Tail probabilities for the signer query count are bounded by the corresponding power of the single-attempt abort probability.

theorem FiatShamirWithAbort.sign_expectedQueries_le_tsum_signAttemptAbortProbability_powers {Stmt Wit Commit PrvState Chal Resp : Type} {rel : Stmt → Wit → Bool} (ids : IdenSchemeWithAbort Stmt Wit Commit PrvState Chal Resp rel) (M : Type) {m : Type → Type u} [Monad m] [MonadLiftT ProbComp m] [HasEvalPMF m] [LawfulMonad m] (hr : GenerableRelation Stmt Wit rel) (runtime : QueryRuntime (OracleSpec.ofFn fun (x : M × Commit) => Chal) m) (pk : Stmt) (sk : Wit) (msg : M) (maxAttempts : ℕ) : HasQuery.expectedQueries (fun [HasQuery (OracleSpec.ofFn fun (x : M × Commit) => Chal) (AddWriterT ℕ m)] => (FiatShamirWithAbort ids hr M maxAttempts).sign pk sk msg) runtime ≤ ∑' (i : ℕ), signAttemptAbortProbability ids M runtime pk sk msg ^ i

The expected number of signing queries is bounded by the infinite geometric series generated by the single-attempt abort probability.

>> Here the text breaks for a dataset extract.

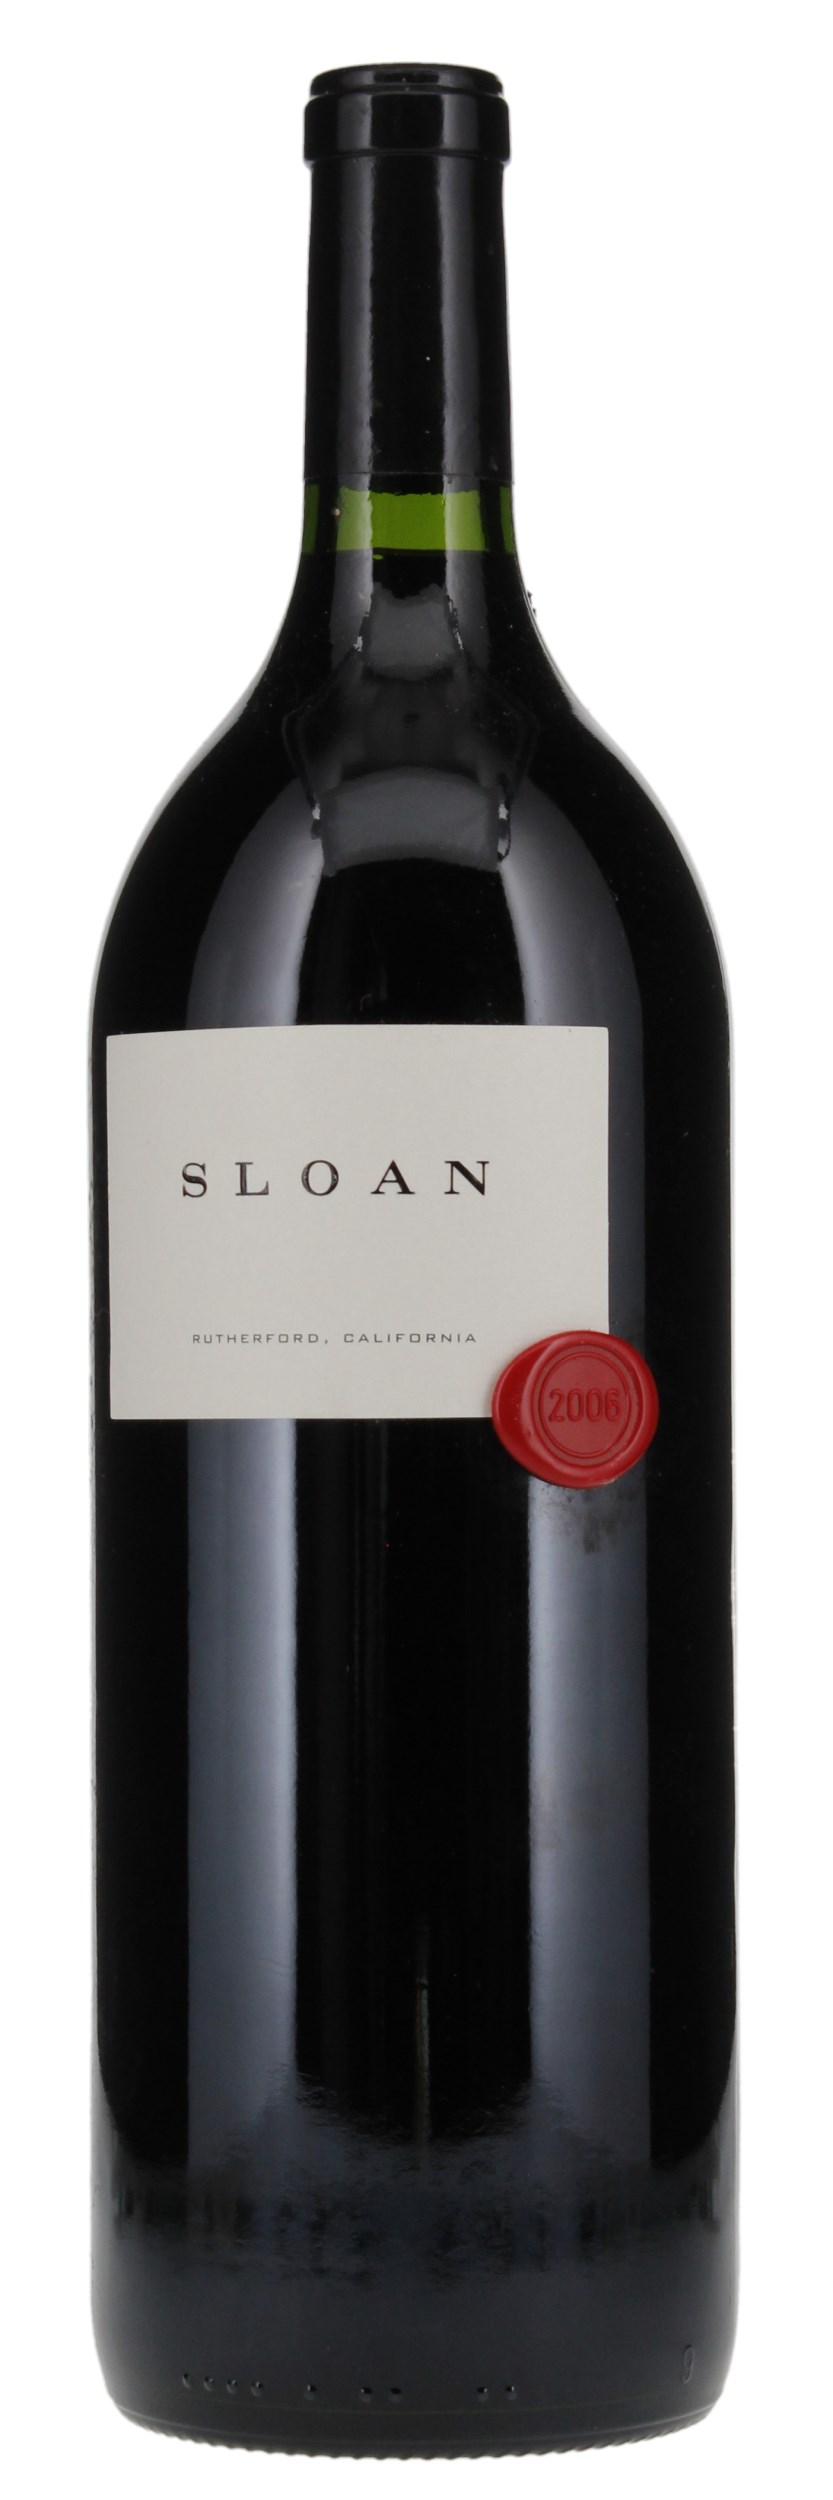 2006 Sloan Proprietary Red, 1.5ltr

theorem FiatShamirWithAbort.sign_expectedQueries_le_geometric_of_signAttemptAbortProbability_le {Stmt Wit Commit PrvState Chal Resp : Type} {rel : Stmt → Wit → Bool} (ids : IdenSchemeWithAbort Stmt Wit Commit PrvState Chal Resp rel) (M : Type) {m : Type → Type u} [Monad m] [MonadLiftT ProbComp m] [HasEvalPMF m] [LawfulMonad m] (hr : GenerableRelation Stmt Wit rel) (runtime : QueryRuntime (OracleSpec.ofFn fun (x : M × Commit) => Chal) m) (pk : Stmt) (sk : Wit) (msg : M) (maxAttempts : ℕ) {q : ENNReal} (hq : signAttemptAbortProbability ids M runtime pk sk msg ≤ q) : HasQuery.expectedQueries (fun [HasQuery (OracleSpec.ofFn fun (x : M × Commit) => Chal) (AddWriterT ℕ m)] => (FiatShamirWithAbort ids hr M maxAttempts).sign pk sk msg) runtime ≤ (1 - q)⁻¹

If the single-attempt abort probability is bounded by q, then the expected number of signing queries is bounded by the corresponding geometric series.

theorem FiatShamirWithAbort.sign_expectedQueries_le_geometric {Stmt Wit Commit PrvState Chal Resp : Type} {rel : Stmt → Wit → Bool} (ids : IdenSchemeWithAbort Stmt Wit Commit PrvState Chal Resp rel) (M : Type) {m : Type → Type u} [Monad m] [MonadLiftT ProbComp m] [HasEvalPMF m] [LawfulMonad m] (hr : GenerableRelation Stmt Wit rel) (runtime : QueryRuntime (OracleSpec.ofFn fun (x : M × Commit) => Chal) m) (pk : Stmt) (sk : Wit) (msg : M) (maxAttempts : ℕ) : HasQuery.expectedQueries (fun [HasQuery (OracleSpec.ofFn fun (x : M × Commit) => Chal) (AddWriterT ℕ m)] => (FiatShamirWithAbort ids hr M maxAttempts).sign pk sk msg) runtime ≤ (1 - signAttemptAbortProbability ids M runtime pk sk msg)⁻¹

Specializing the geometric upper bound to the actual one-step abort probability yields the canonical infinite geometric upper bound on expected query count.

theorem FiatShamirWithAbort.verify_expectedQueryCost_eq {Stmt Wit Commit PrvState Chal Resp : Type} {rel : Stmt → Wit → Bool} (ids : IdenSchemeWithAbort Stmt Wit Commit PrvState Chal Resp rel) (M : Type) {m : Type → Type u} [Monad m] [MonadLiftT ProbComp m] [HasEvalPMF m] [LawfulMonad m] (hr : GenerableRelation Stmt Wit rel) {ω : Type} [AddMonoid ω] [Preorder ω] (runtime : QueryRuntime (OracleSpec.ofFn fun (x : M × Commit) => Chal) m) (pk : Stmt) (msg : M) (sig : Option (Commit × Resp)) (costFn : M × Commit → ω) (val : ω → ENNReal) (hval : Monotone val) (maxAttempts : ℕ) : HasQuery.expectedQueryCost (fun [HasQuery (OracleSpec.ofFn fun (x : M × Commit) => Chal) (AddWriterT ω m)] => (FiatShamirWithAbort ids hr M maxAttempts).verify pk msg sig) runtime costFn val = match sig with | none => val 0 | some (w', snd) => val (costFn (msg, w'))

Verification has expected weighted query cost equal to the cost of the single verification query when a signature is present, and 0 when the signature is none.